AFRICAN CARIBBEAN AMERICAN PARENTS OF CHILDREN WITH DISABILITIES, INC.

They are students with labels like "truant" and "behaviorally disordered."  Their parents are told they have serious learning disabilities. 

Schools sometimes suspend or expel them rather than evaluate and intervene.  Too often, these students enter the juvenile justice system, and those who return to school then repeat the pattern.  Their parents - uninformed about the system - don't know the services available to them.

And according to data from the Connecticut State Department of Education, "they" are four times more likely to be African-American students than white.

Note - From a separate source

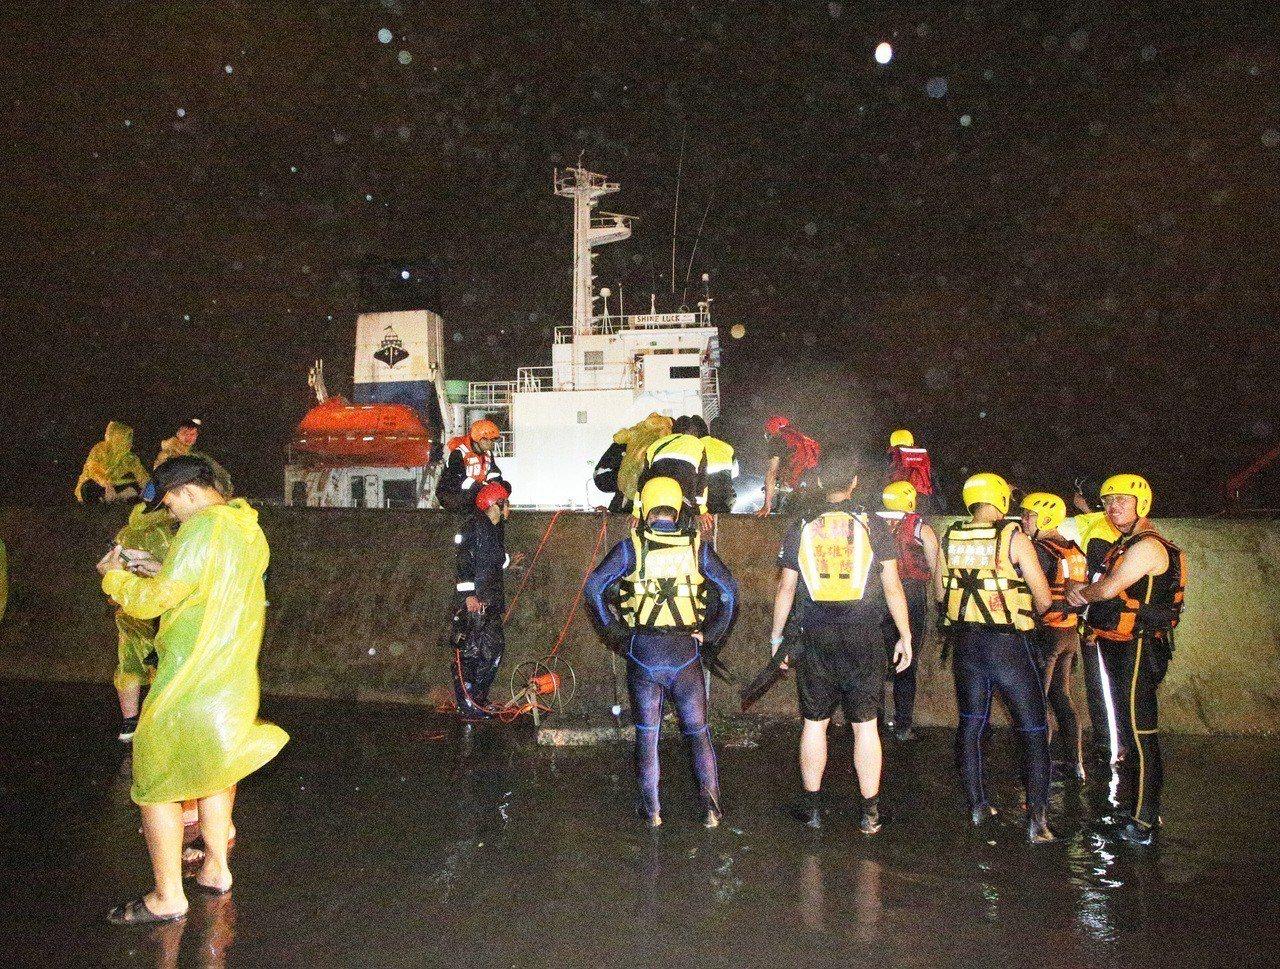 海巡和救難人員漏夜救援。記者劉學聖/攝影

It's a destructive cycle.  But it's one that the African Caribbean American Parents of Children with Disabilities, Inc. (AFCAMP) believes can be broken through a project  supported by a one-year (April 2008-March 2009) $30,000 grant from the Connecticut Health Foundation (CT Health).  AFCAMP's project involves:

  • Annually training 75-150 Bridgeport, New Haven, Hartford and Waterbury parents and community members on families' and children's rights to services in education, child welfare, mental health and juvenile justice
  • Empowering 30 families and community members to serve as advocates for children and for changes in education, welfare, behavior health and juvenile justice

"This project promises to improve children's mental health service delivery in Connecticut and reduce racial and ethnic disparity for minority children and families receiving mental health, juvenile justice, child welfare and educational services," says Merva Jackson, AFCAMP executive director.  "It also will increase the cultural competence of these services and the workforce involved."  The tools?

  • Increased awareness and knowledge of families and communities about their children's needs and available services
  • Increased parent and community participation and advocacy in changing the system

"The disruptive types of behavior seen in youth with disabilities are often misinterpreted by schools and the juvenile justice system as delinquency," she notes.  "This failure to consider the relationship of the behavior to an individual's disability may be overlooked as a behavioral problem, when it really is a direct consequence of the child's disability."

To accomplish its goal, Hartford-based AFCAMP is recruiting families and community stakeholders in New Haven and Hartford through:

  • Parent-teacher organizations
  • Community collaboratives
  • Churches
  • Clubs and organizations
  • Grass-roots community efforts

For Jackson and AFCAMP, "The ultimate goal is to empower parents, families and community members to become their children's best advocates."